— Садыков не вышел в пятницу, потому что водил корову к ветеринару; прораб Файзиев отсутствовал в понедельник — отвозил тещу в Ташкент. А Джураева не было на работе целых два дня: ездил, видите ли, сватать невесту для сына…
Все сорок минут кабинет главного инженера содрогался от смеха. Когда Мавлюда закончила, Фалин поблагодарил ее и продолжил планерку.
— Мавлюда провела тщательный анализ, и сделала это очень своеобразно, но смех смехом, а потеря тысяч часов рабочего времени всего за три месяца должна нас насторожить.

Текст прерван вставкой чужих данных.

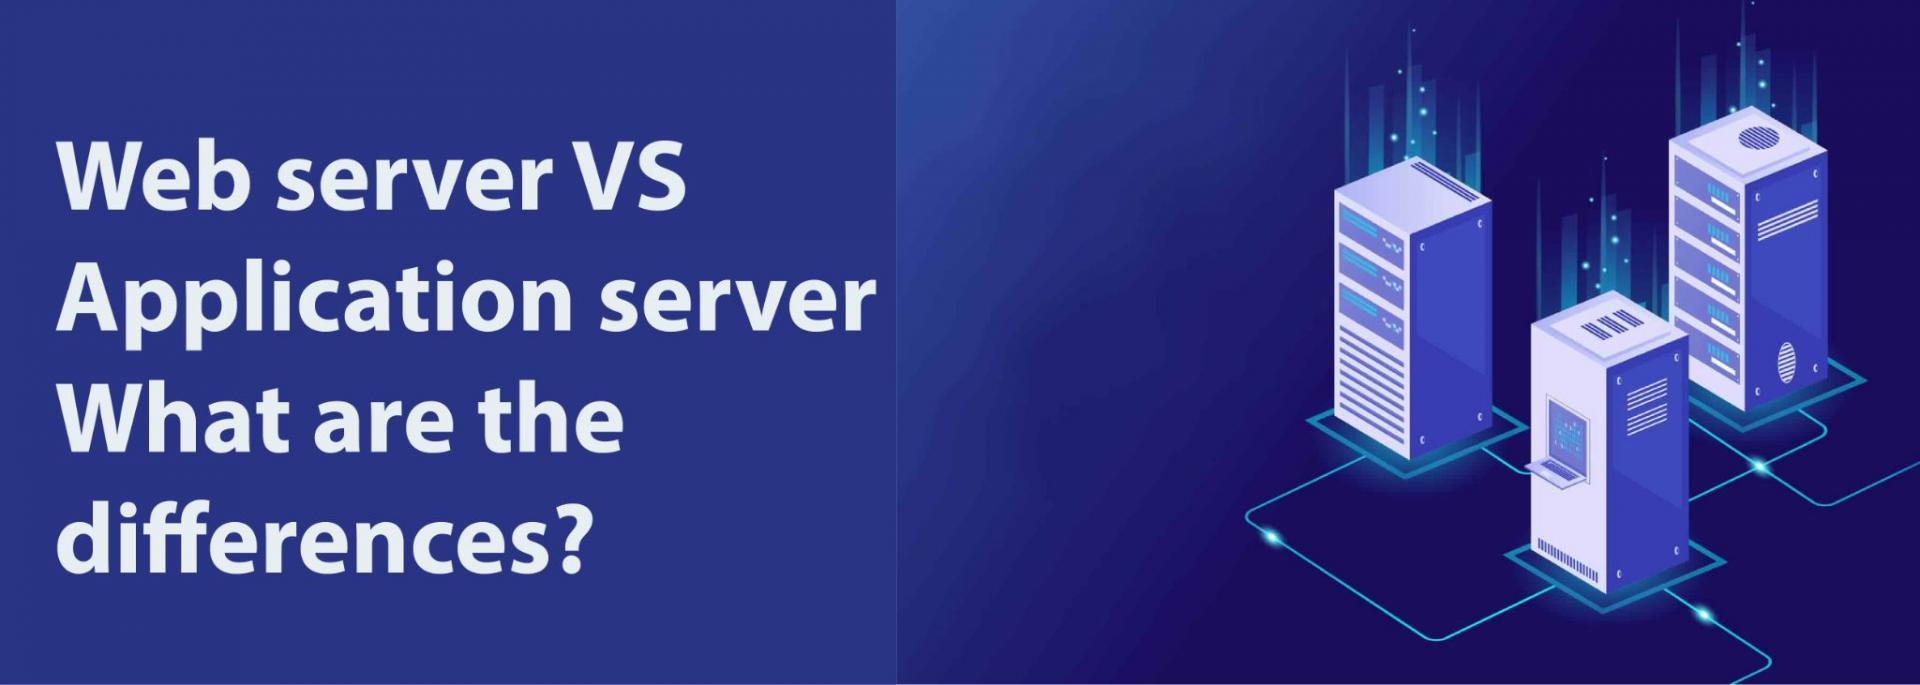 Web server VS Application server

Я понимаю: Файзиеву не отвезти тещу в Ташкент никак нельзя, тут свои обычаи, молодого зятя могут упрекнуть в неуважении к родне. Садыкову отвести корову к ветеринару тоже нужно, за него никто этого сделать не может… Всем надо, у всех объективные причины, и я по-человечески всех понимаю, но…
Расскажу вам случай из моей практики… Начинал я мастером на строительстве Чимкентского завода фосфорных солей, мне тогда только восемнадцать после техникума стукнуло. Вот однажды каменщица, труженица, каких мало, говорит: «Сашенька, я завтра и послезавтра на работу не выйду». Я ей отвечаю: «Хорошо, тетя Даша, только, если что, скажите на всякий случай, вам, мол, в ЖЭК или к врачу надо было…» — «Да нет,— отвечает тетя Даша,— никуда мне не надо, с утра посплю подольше, потом стирку затею, а послезавтра уж по магазинам да по базарам похожу». Я удивился: «Как же я вас с работы, мол, отпущу, это ведь явный прогул». А она отвечает: «Поставишь, милок, никуда не денешься»,— и достает из кармана тетрадку: завела, говорит, с тех пор как я мастером у них стал.

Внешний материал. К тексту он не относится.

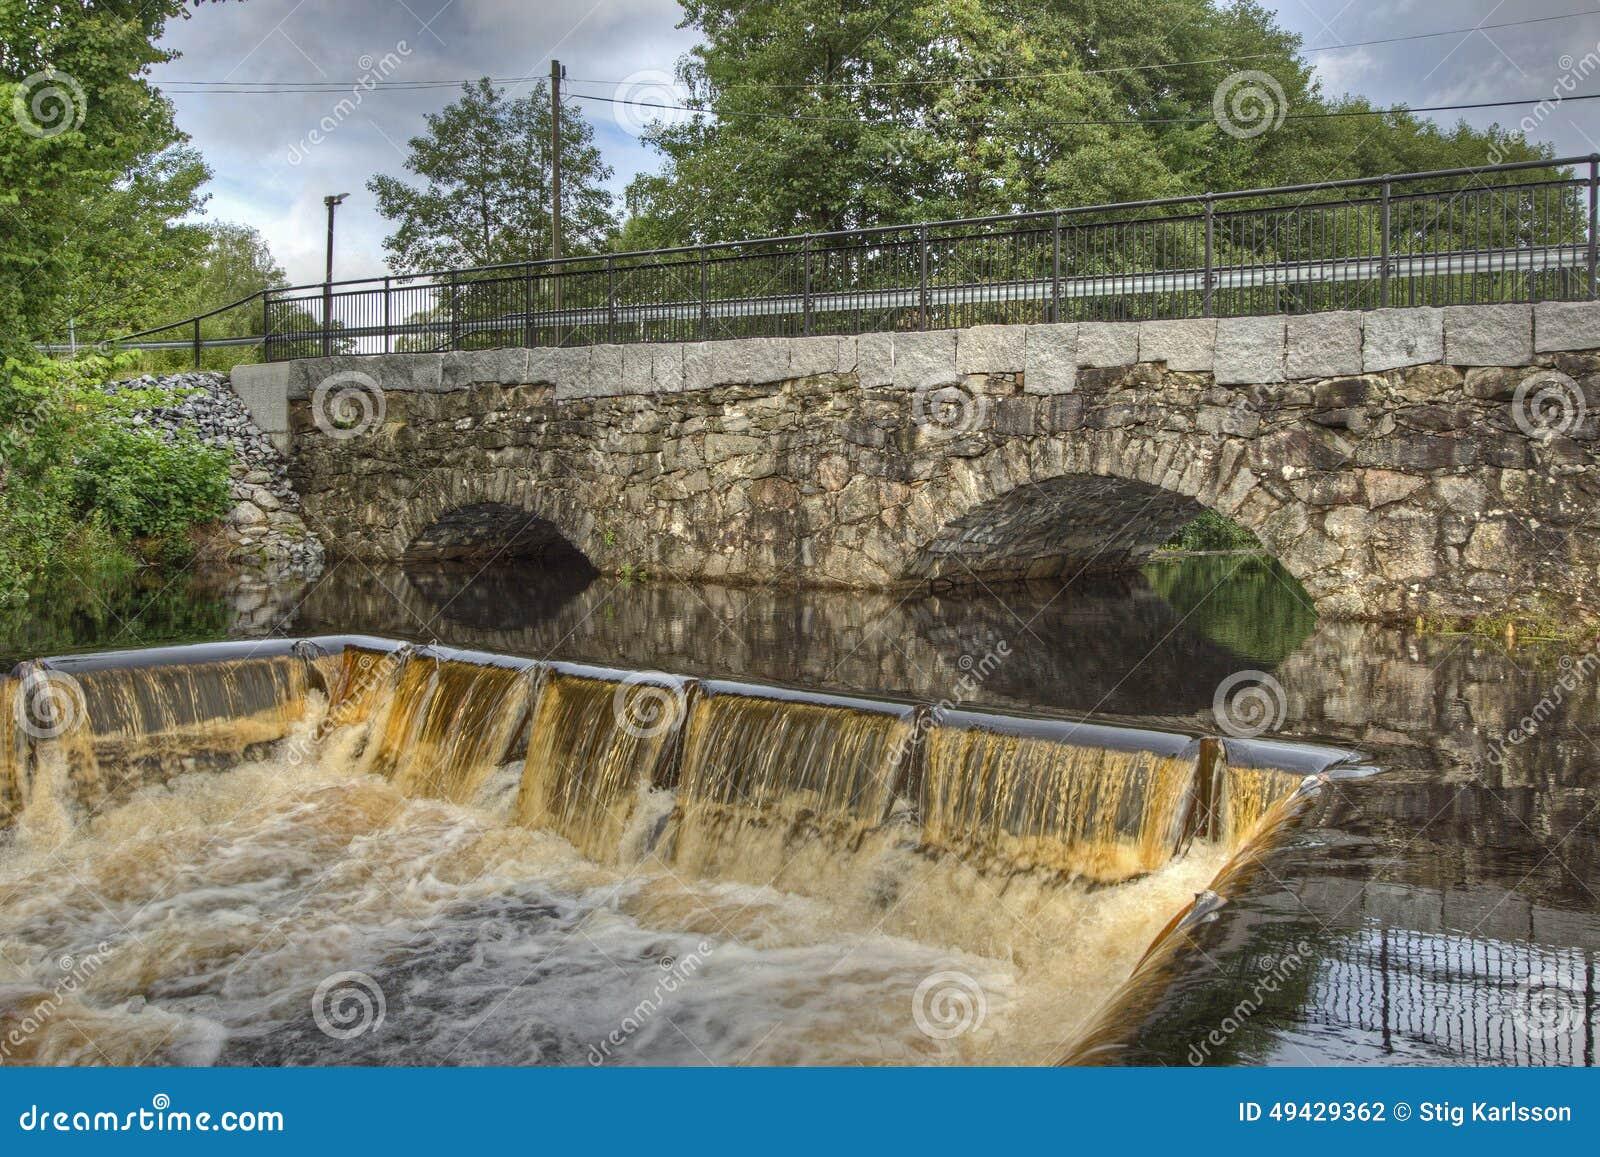 hdr old bridge and - photo #19

«Вот, смотри, отпрашивались все кому не лень: кто на день, кто на полдня, а ты, добрая душа, всех отпускал. Федорова, скажем, которая у тебя чуть ли не целую неделю после обеда отпрашивалась, живет со мною в одном доме, и я знаю: ни в какой ЖЭК ей не надо — по базарам да по магазинам мотается, а то к моему возвращению стирку развешивает во дворе. Так и большинство других. И, выходит, что теперь — мой черед гулять, чтобы не думали остальные, какая я дура.
Сунула мне тетрадку в руки и ушла. Просмотрел я ее записки — все точно, так оно и было, и если по-честному, пришла пора и ей пару деньков отдохнуть, оплата-то из общего котла.
После такого случая и я завел тетрадку. Отпрашивается кто, говорю: хорошо, я вас отпущу, а эти четыре часа вы отработаете, ведь сколько раз бывает нужно остаться после работы на час–другой, а то и в воскресенье выйти, чтобы к понедельнику другой бригаде фронт работ обеспечить. И как рукой сняло: через месяц у меня уже никто не отпрашивался, да и в бригаде лад появился.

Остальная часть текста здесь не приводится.